Niklaus Rudolf von Wattenwyl (1760 – 1832)
Niklaus Rudolf von Wattenwyl was born on 3 January 1760 in Bern. His family was one of Bern's largest patrician families and represented in the city's government. Niklaus Rudolf von Wattenwyl was an officer in the foreign service, a member of the provisional government and of the Consulta in Paris, president of the Cantonal Council of Bern, Landammann (chief political officer) of Switzerland and President of the Federal Diet that appointed him Supreme Commander of the Army in 1805, 1809 and 1816.

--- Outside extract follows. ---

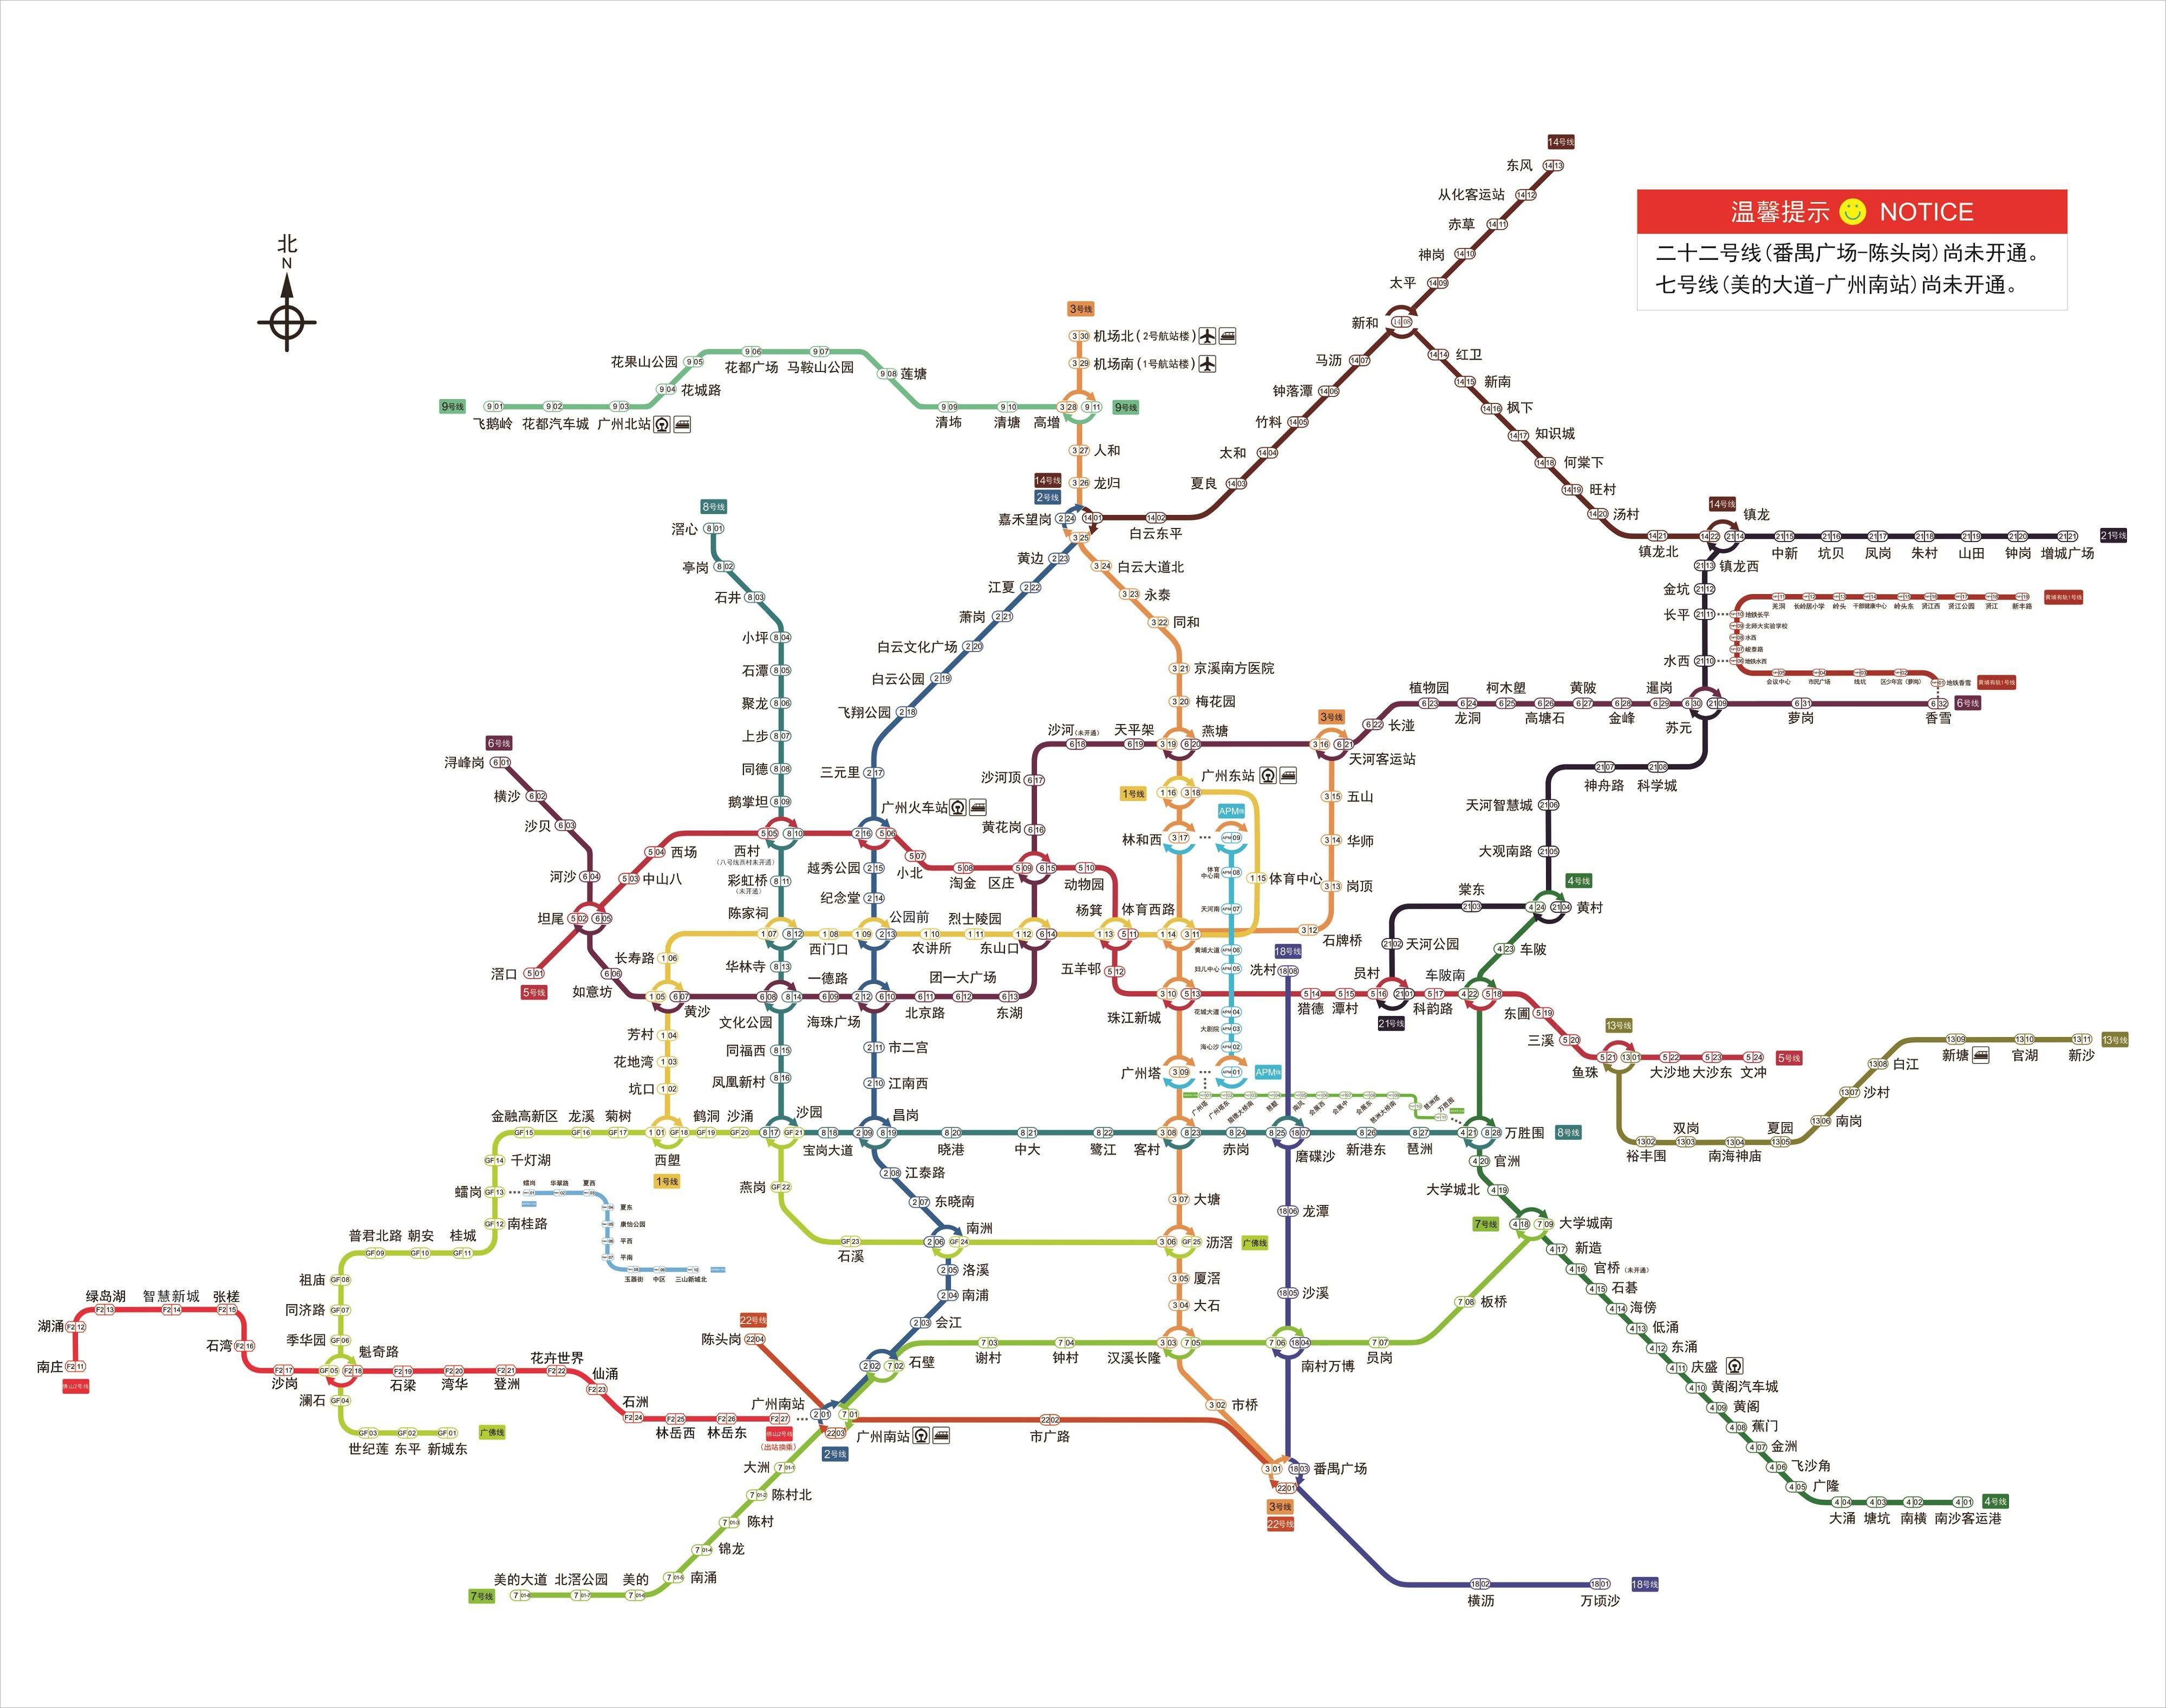 乘客对新增佛山地铁线路图的建议,广州地铁回应了

Niklaus Rudolf von Wattenwyl was educated by private tutors and at an institute in Strasbourg. At the beginning of his military career from 1776 to 1784, he was officer of the Bern Stürler Regiment in the service of the Netherlands, where he was promoted to grenadier captain. When he returned to Switzerland in 1795, he began his political career as a member of the Bern city parliament. He was also a militia commander in the Thun cantonal regiment and, with his troops, stopped the advance of the French army at Neuenegg in 1798. During the Stöckli War in 1802, he commanded a battalion in the Berner Oberland. In 1803 he was sent as a deputy from Bern to the Paris Consulta, and became a member of the Bern Scholastic Council; in 1804 he was appointed Landammann of Switzerland (a position he would hold again in 1810). The general military regulations for the Swiss Confederation, which he drew up with the aim of reorganising the Swiss army after the dissolution of the Helvetic Republic, were adopted by the Diet on 22 June 1804.

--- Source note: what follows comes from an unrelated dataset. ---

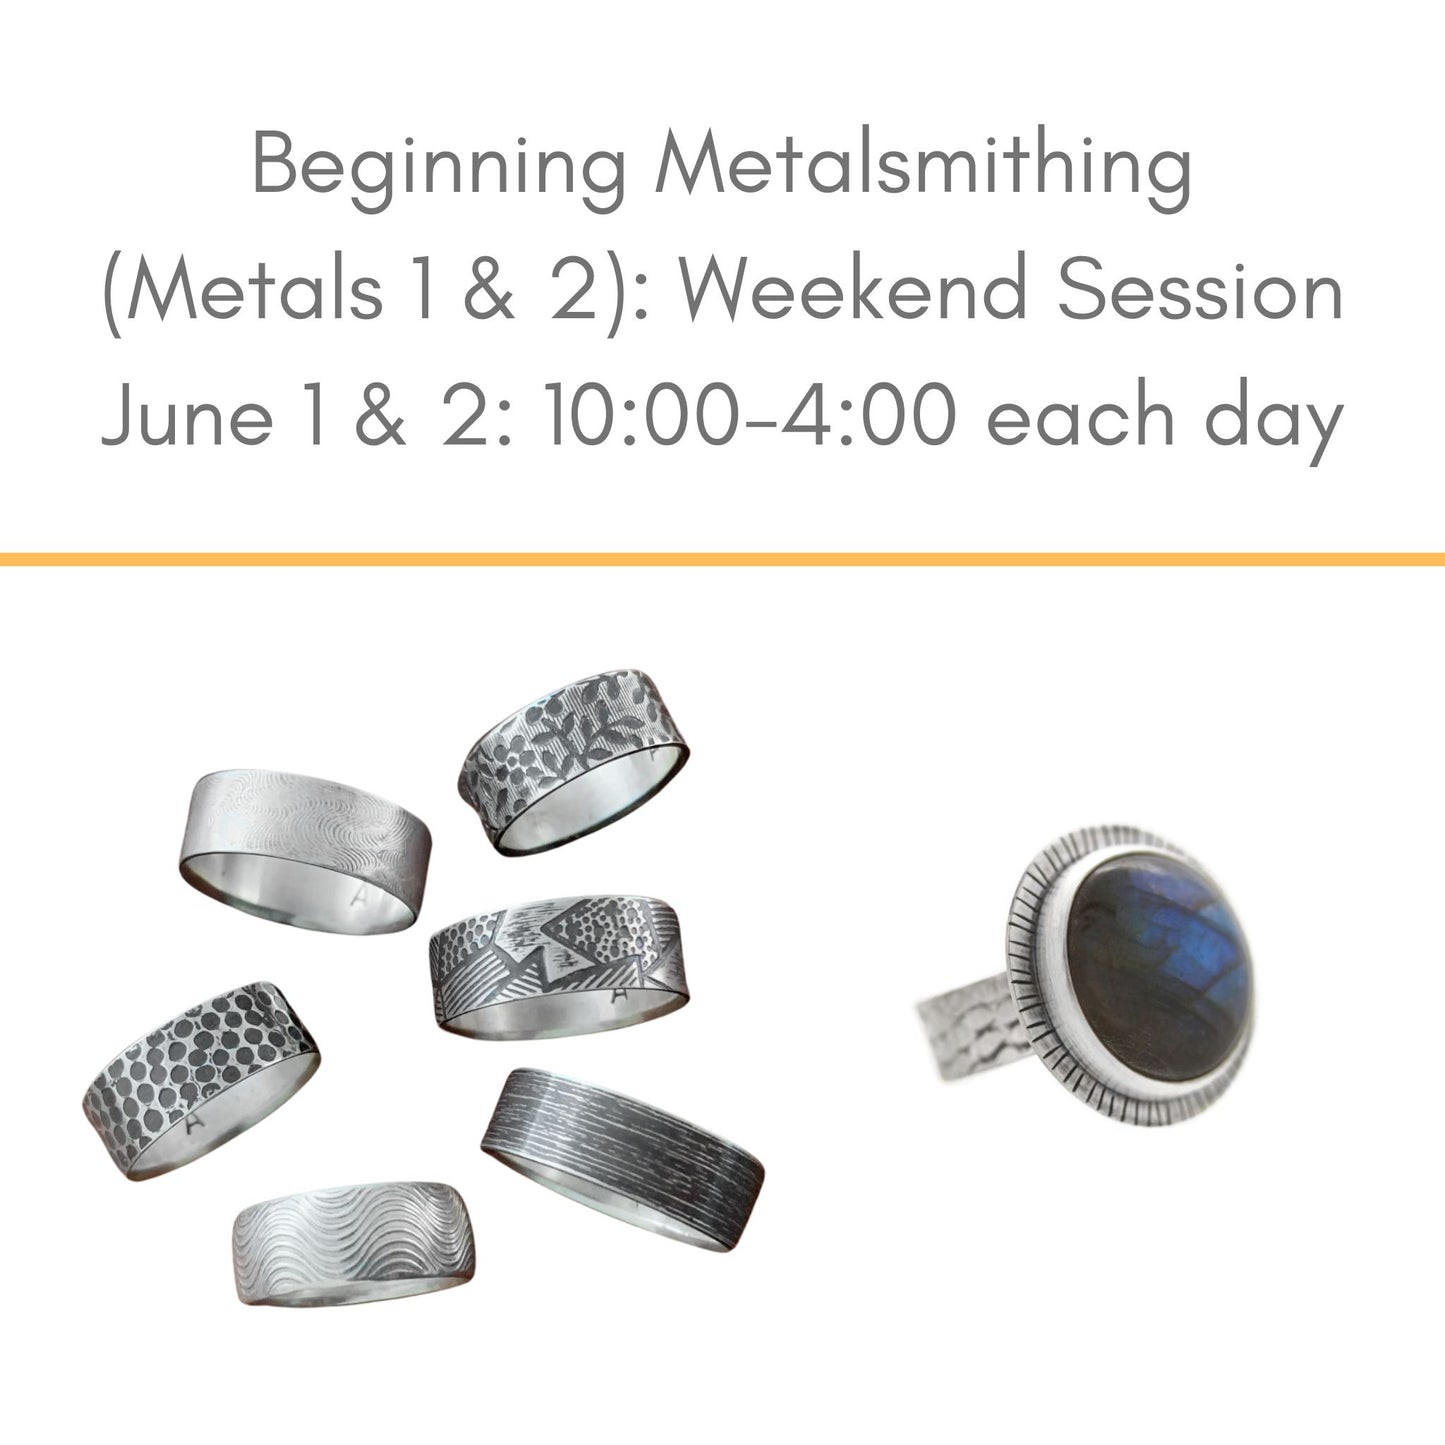 Beginning Metalsmithing June 1 and 2

When the war broke out between France and the Third Coalition in 1805, Switzerland, situated between the two adversaries, had to defend its neutrality. On 21 September, after von Wattenwyl had joined the federal staff that he had helped to create, the Diet mobilised four divisions and appointed him general. Following Napoleon's victory at Austerlitz on 2 December, the Swiss army was disbanded (on 10 December 1805). No violation of Swiss territory had occurred in that war but in March 1809 hostilities between Austria and France began with an incursion over the Swiss border. In April, the Diet ordered the mobilisation of a third of the cantonal contingents under the command of General von Wattenwyl, and placed another third on standby. With the signing of the Schönbrunn Treaty on 14 October 1809, the federal army was demobilised in late autumn. On 19 October 1813, following Napoleon's defeat in Leipzig, the fighting came closer to Switzerland again and, on 18 November the Diet ordered the third mobilisation under Niklaus Rudolf von Wattenwyl's command. On 19 December 1813, the Prince of Schwarzenberg, commander of the troops of the Sixth Coalition, informed von Wattenwyl of his intention to enter Switzerland with the Austrian army. On 21 December, despite the general's opposition, the Austrians entered Switzerland without the Swiss army being able to oppose them due to their inadequate, undisciplined and uneducated staff and a lack of equipment.
Von Wattenwyl was held in high regard within the Federal Diet and served as its president after the Restoration in 1817, 1823 and 1829. As the head of the reformist party (from 1827), he worked closely with the liberals in 1830, offering them freedom of trade, tax breaks and the abolition of censorship. Niklaus Rudolf von Wattenwyl can to be credited with allowing the transformation of the patrician regime in Bern into a democratic state without bloodshed. He died on 10 August 1832 in Aarburg.